[Problem statement] With pictures removed, print the listing exactly.

[Data shown]
○ ○ ○
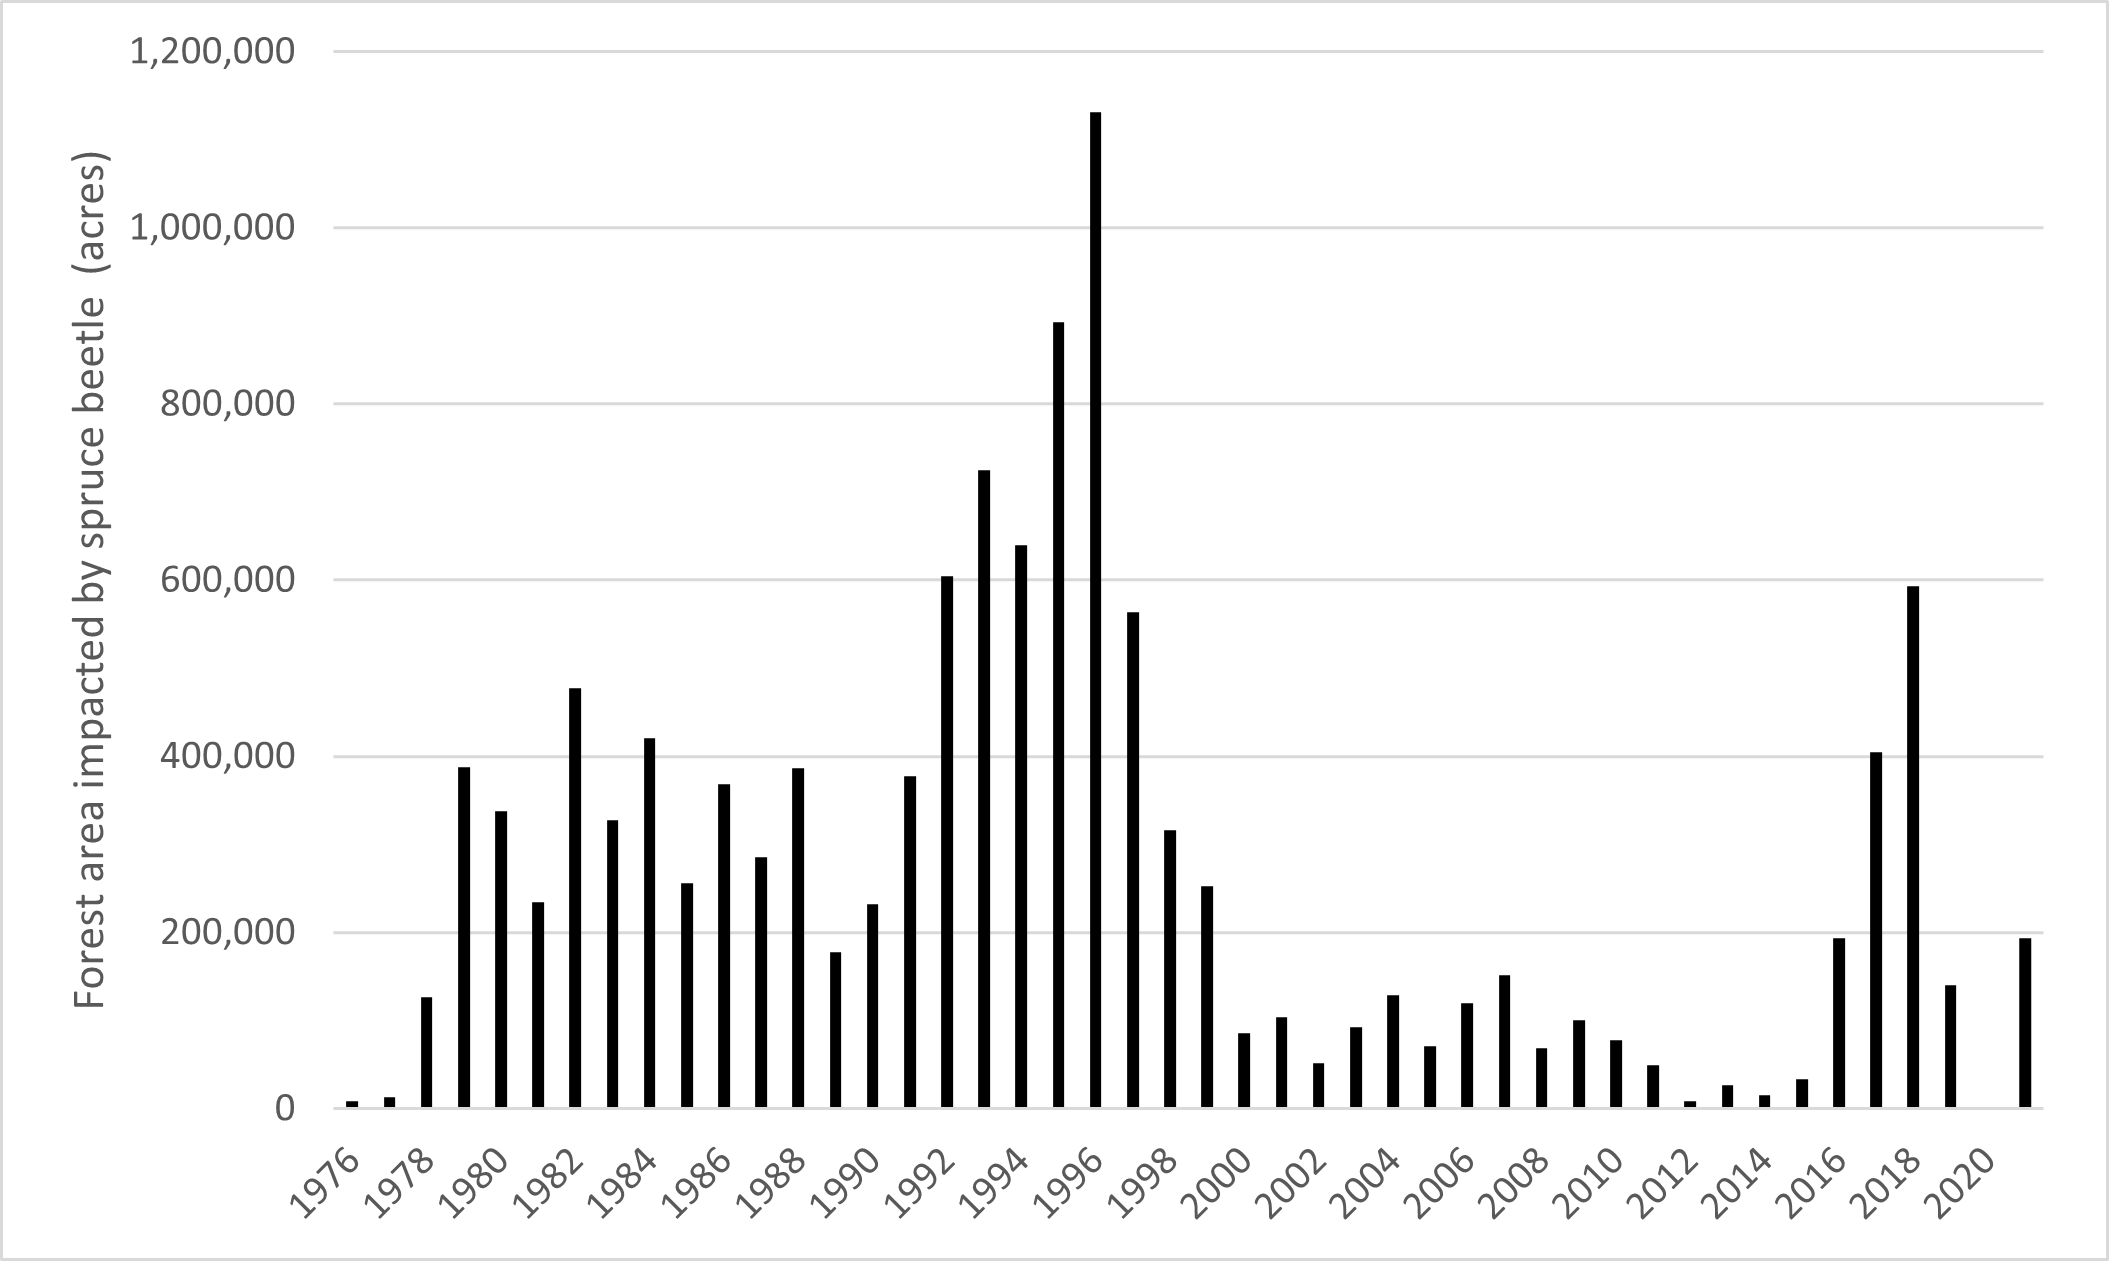 Spruce Beetle Damage 1976 to 2021
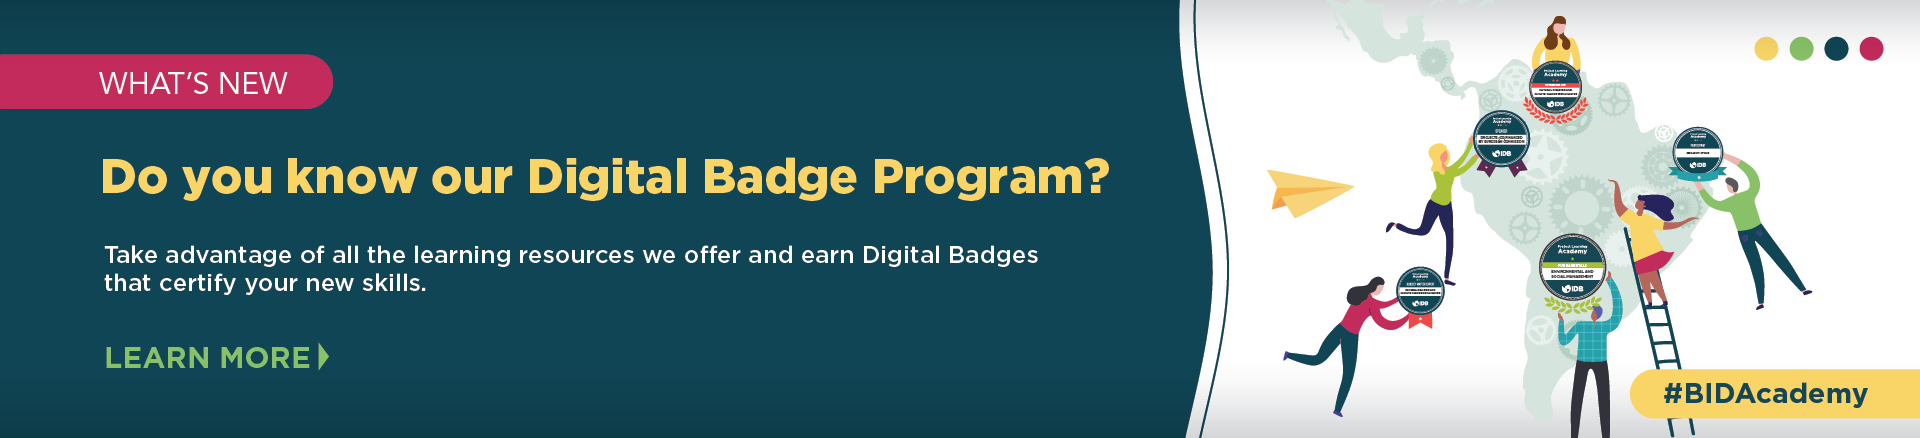 Digital Badge Program
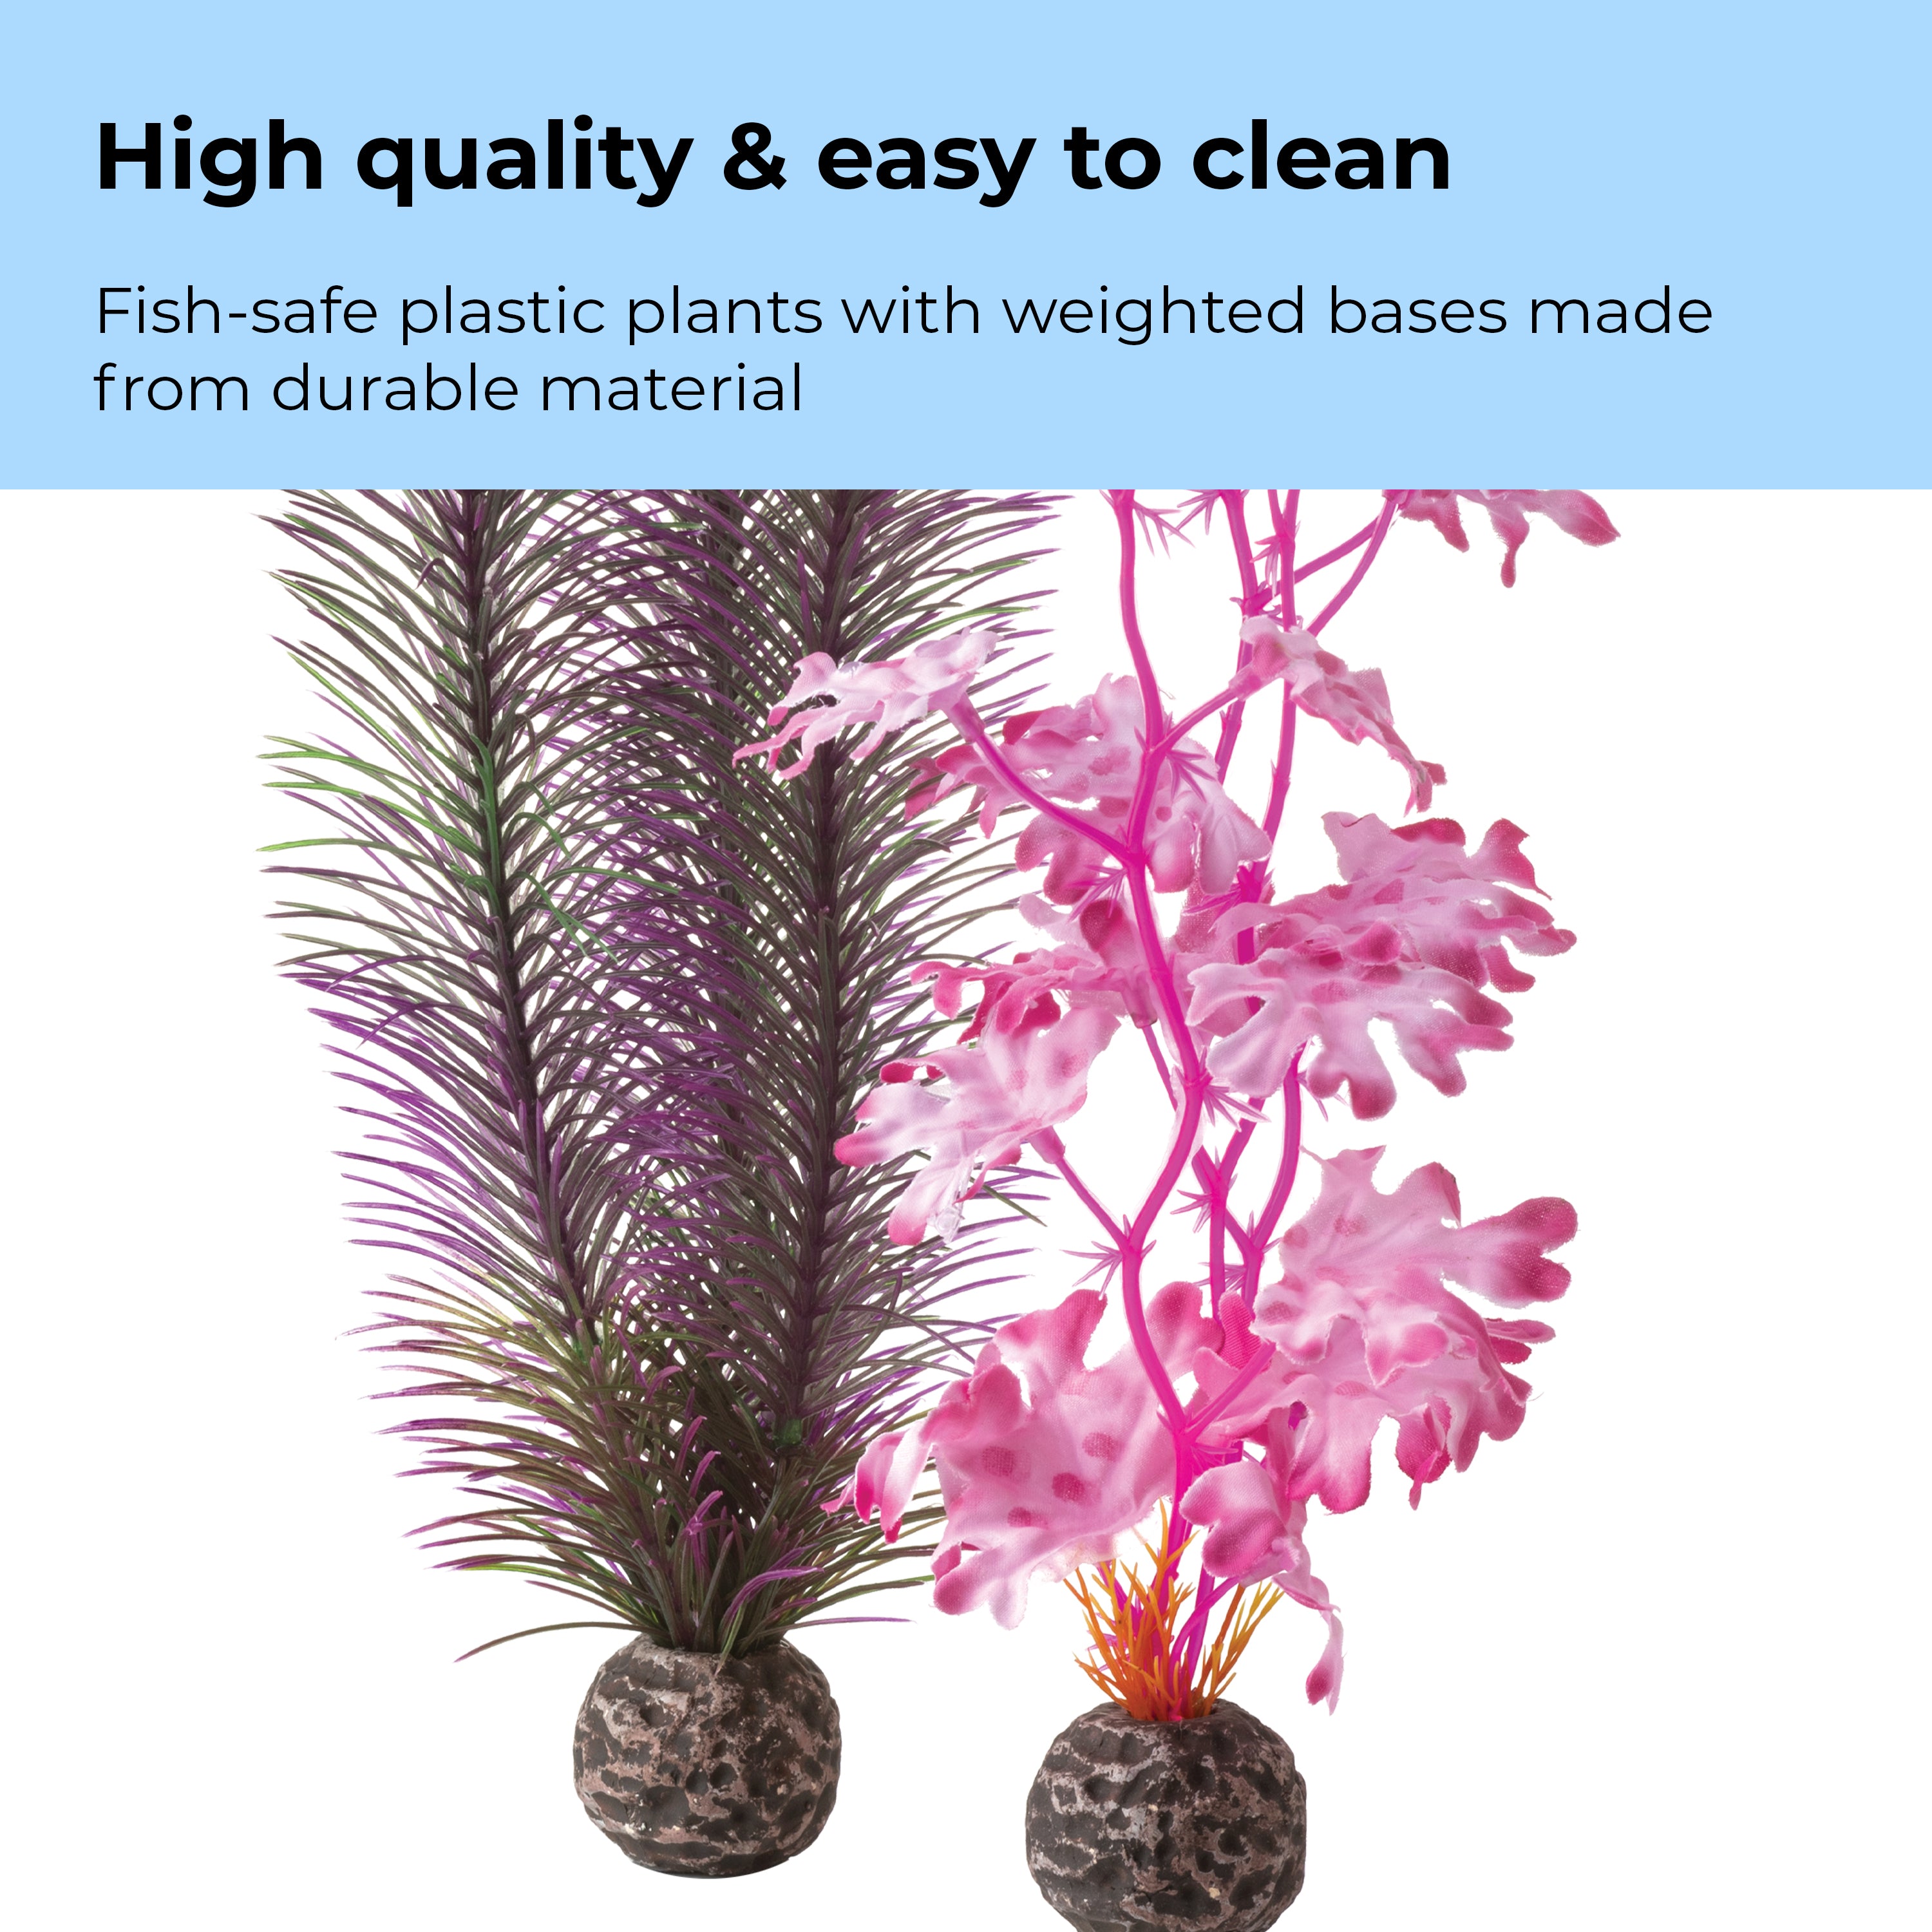 Medium Kelp Plant Set - High quality & easy to clean
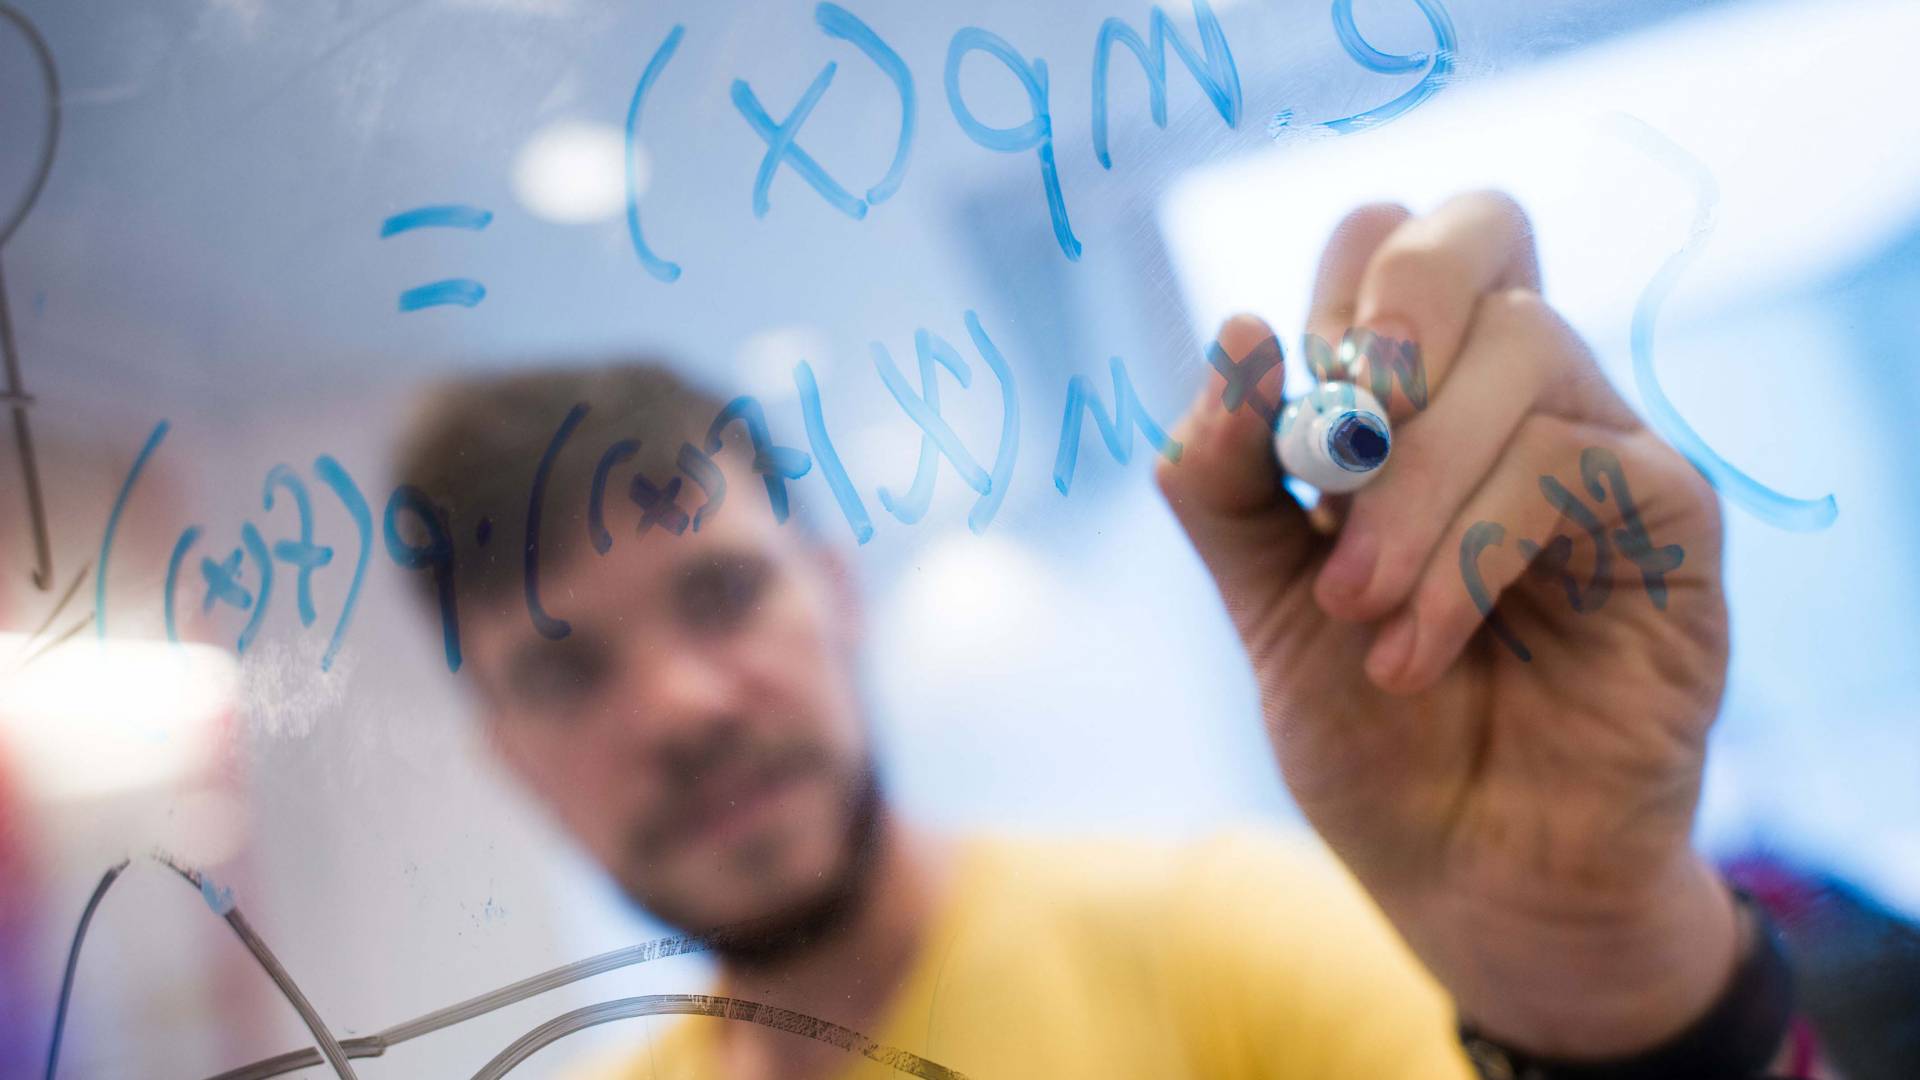 A student writes math formulas on a plexiglas surface
○ ○ ○
[Your solution]
 Spruce Beetle Damage 1976 to 2021
 Digital Badge Program
 Medium Kelp Plant Set - High quality & easy to clean
 A student writes math formulas on a plexiglas surface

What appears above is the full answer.